Talk of a united Ireland now seems more realistic as it is based on economics – the loss of a seamless border with the Republic and access to EU markets by that route – as much as nationalism. The peace process and generational shifts, both among the political classes and population overall, as well as economic integration with the Republic have begun to neuter some of the traditional hostility among Protestants to the concept of unification.

At the same time, the UK economy seems at last to be suffering from the erosion of purchasing power by sterling-induced inflation. All of this smacks of stagflation, a constitutional crisis and rising political risk. UK gilts will suffer.

Ironically, a positive outcome in the French election will cause Bund yields to rise as the money, parked there as a hedge on the euro’s demise under Le Pen, exits, but it doesn’t stop there: the economy and the end of ECB quantitative easing will turn rising Bund yields into a trend.

PIIGS

Moreover, the periphery of Italy, Portugal, Ireland and, of course, Greece still have major debt sustainability issues in a rising interest-rate environment, though it will take time to unfold. Spain has better debt sustainability, but not sufficient to prevent its sovereign yields rising along with the other peripherals.

French sovereign bond yields are likely to rise. They will rise if Le Pen gets into the Élysée, calls a referendum on EU membership and attempts to implement an absurd economic policy. She has offered up a classic populist economic policy, promising more of everything to everyone while ignoring the fiscal costs and economic implications of the protectionism that binds her “France-first” policy.

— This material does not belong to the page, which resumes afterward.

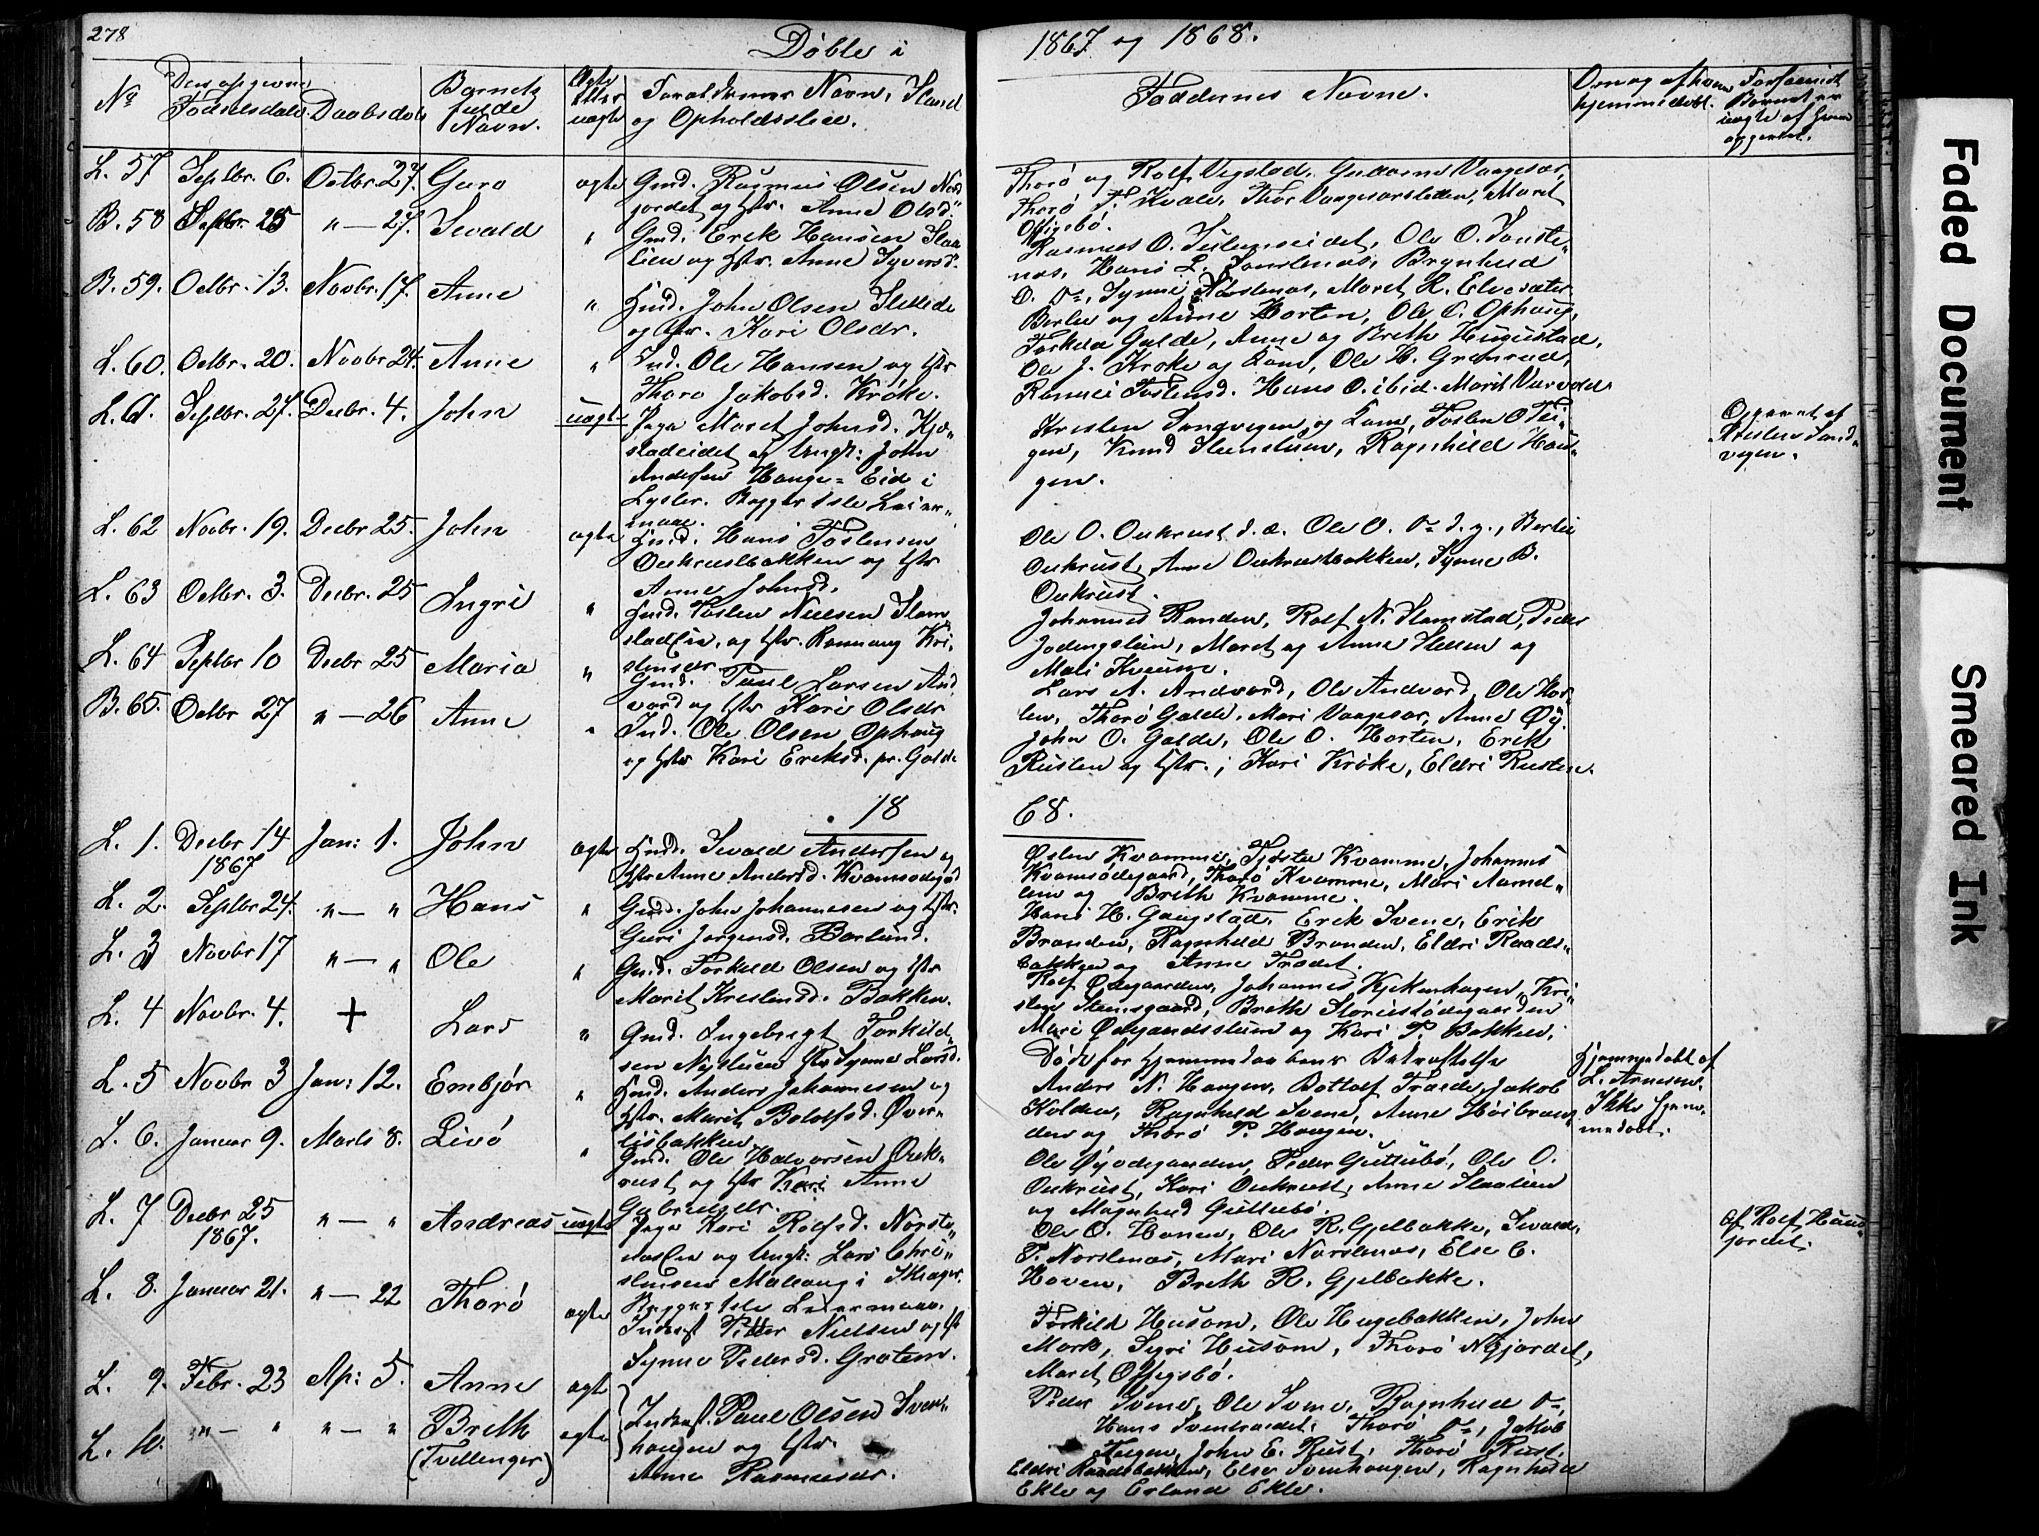 SAH, Lom prestekontor, L/L0012: Klokkerbok nr. 12, 1845-1873, s. 278-279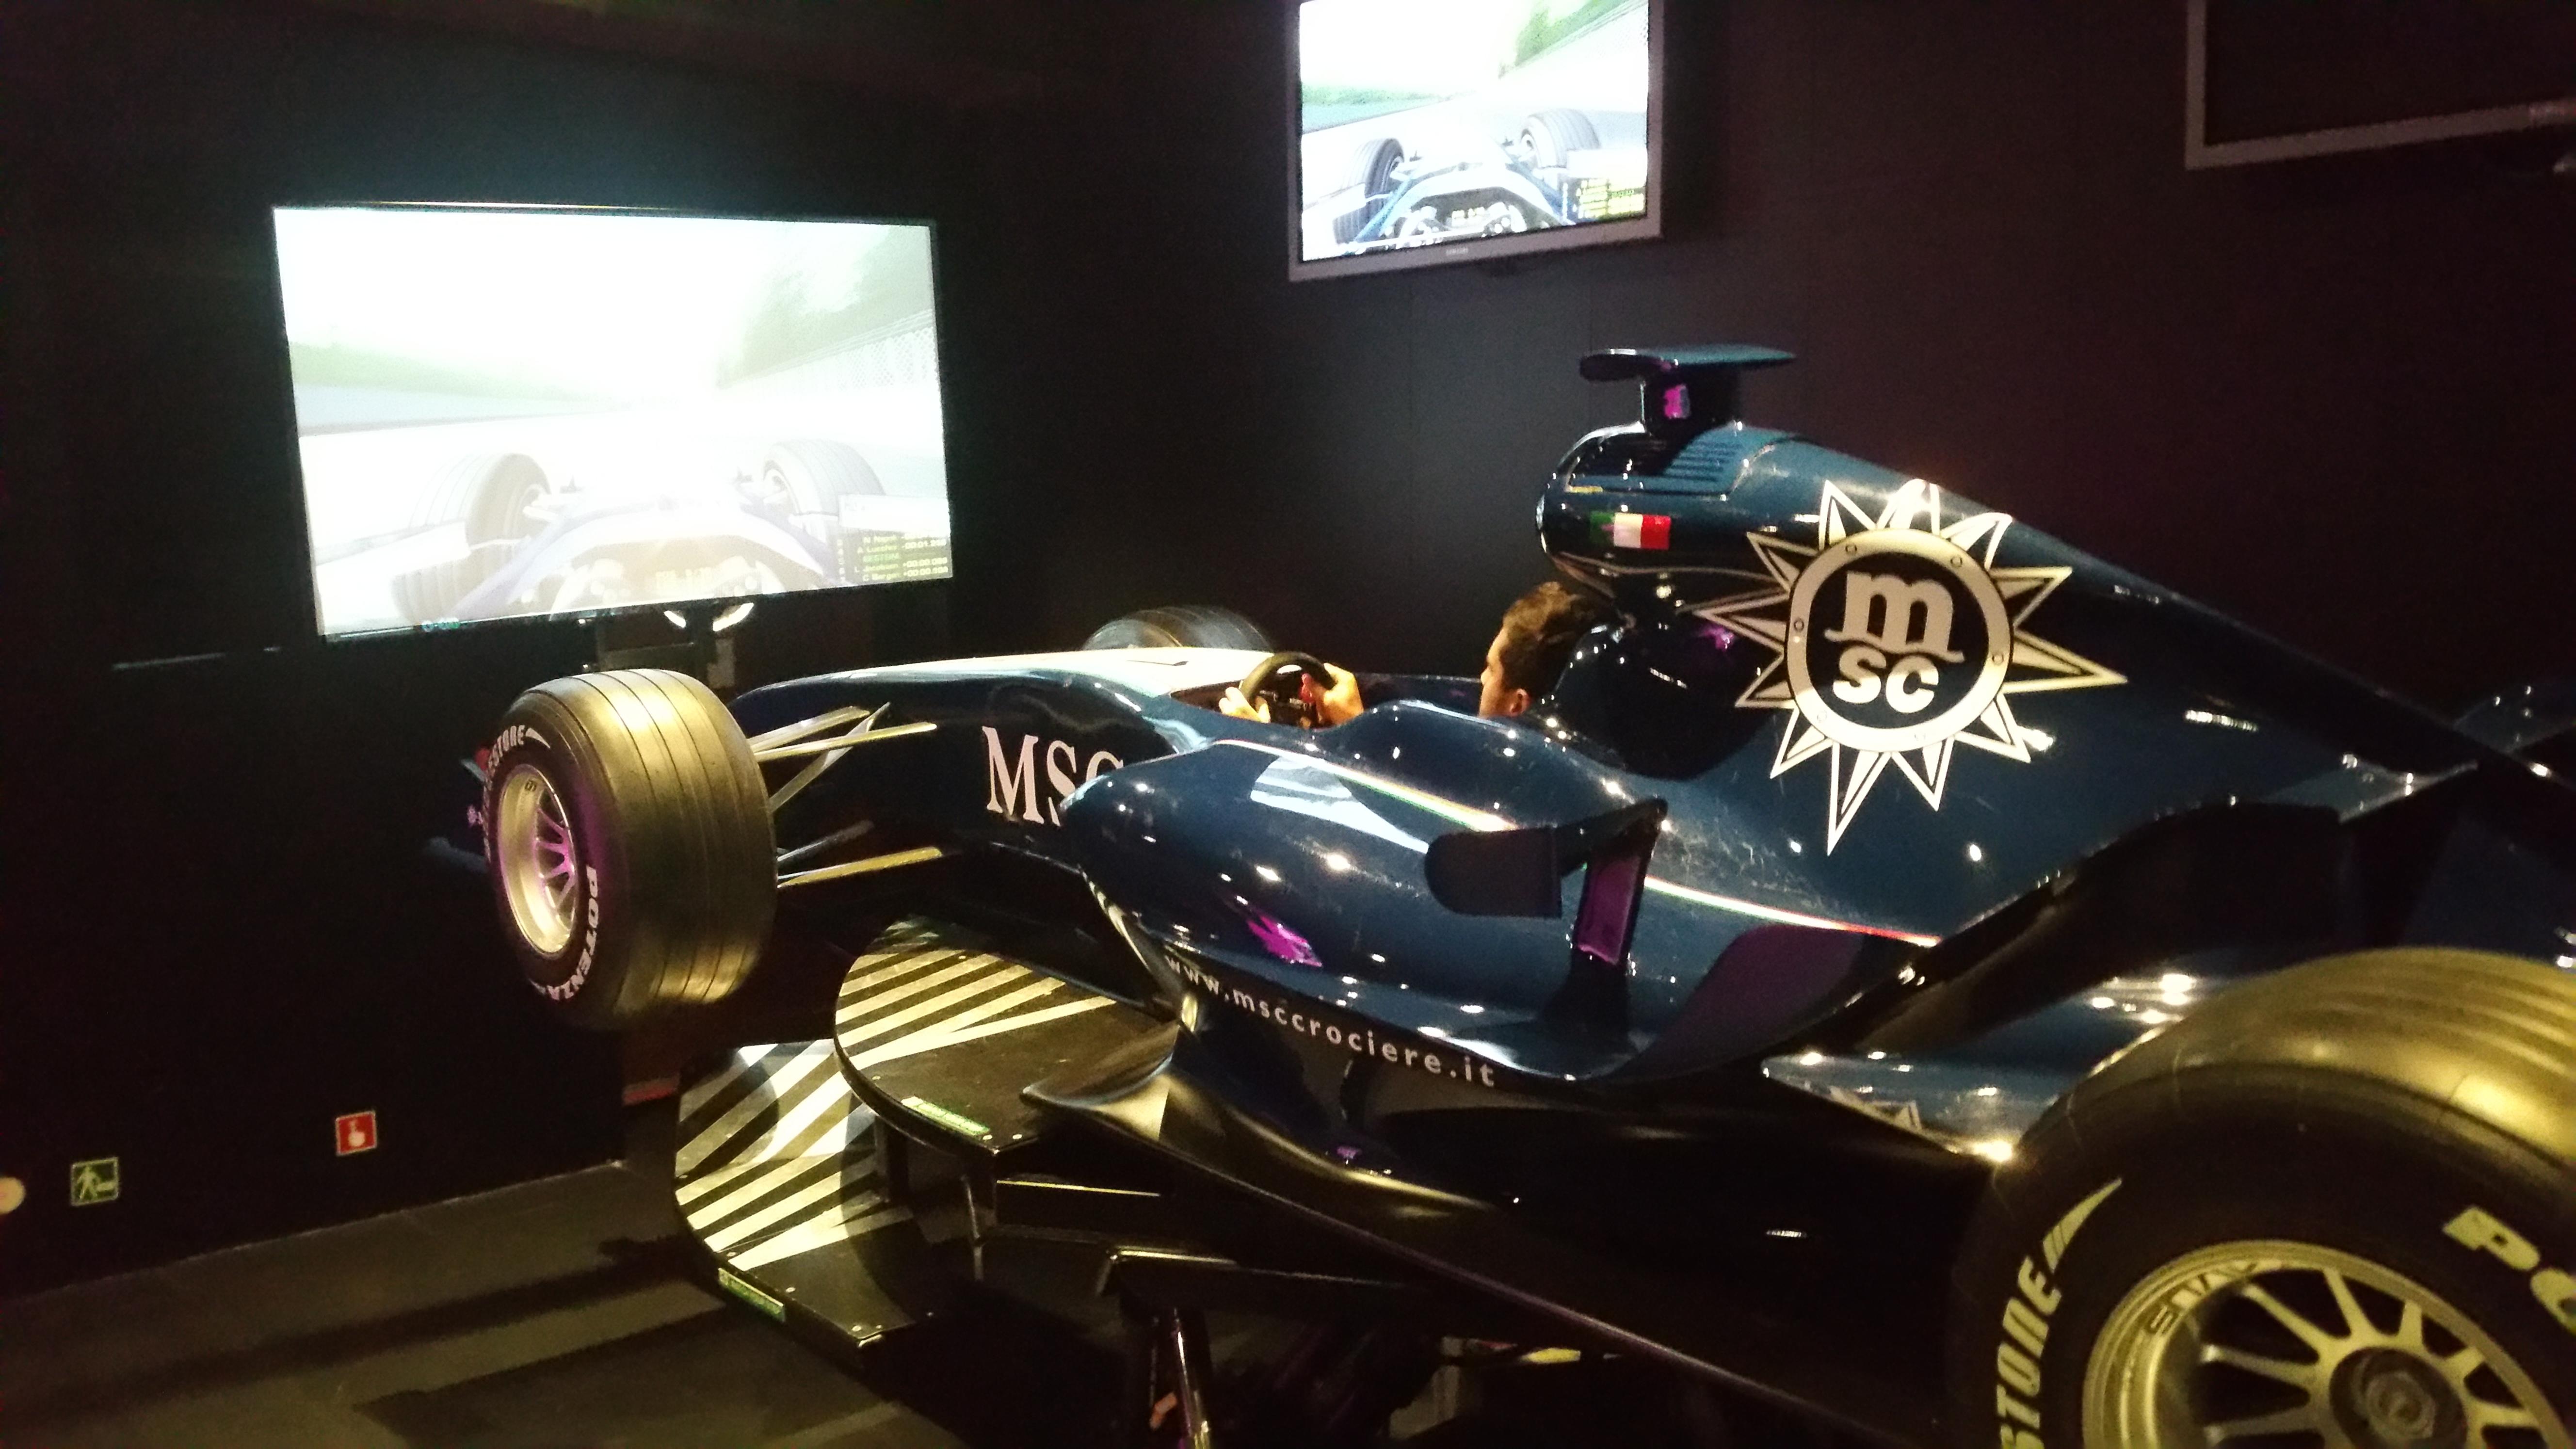 Simulateur Formule1 à bord du MSC FANTASIA

There is nothing there that would revive productivity and lead to a revival in growth, which is what France needs. Of course, the political reality is that Le Pen would probably not be able to take France out of the euro, but she would try to markets will reflect that.

And even if Le Pen does not win – as is most likely – French yields will follow Bund yields up, with rising European inflation, economic recovery and ECB monetary tightening. So it’s a bond yield rise in Europe this year.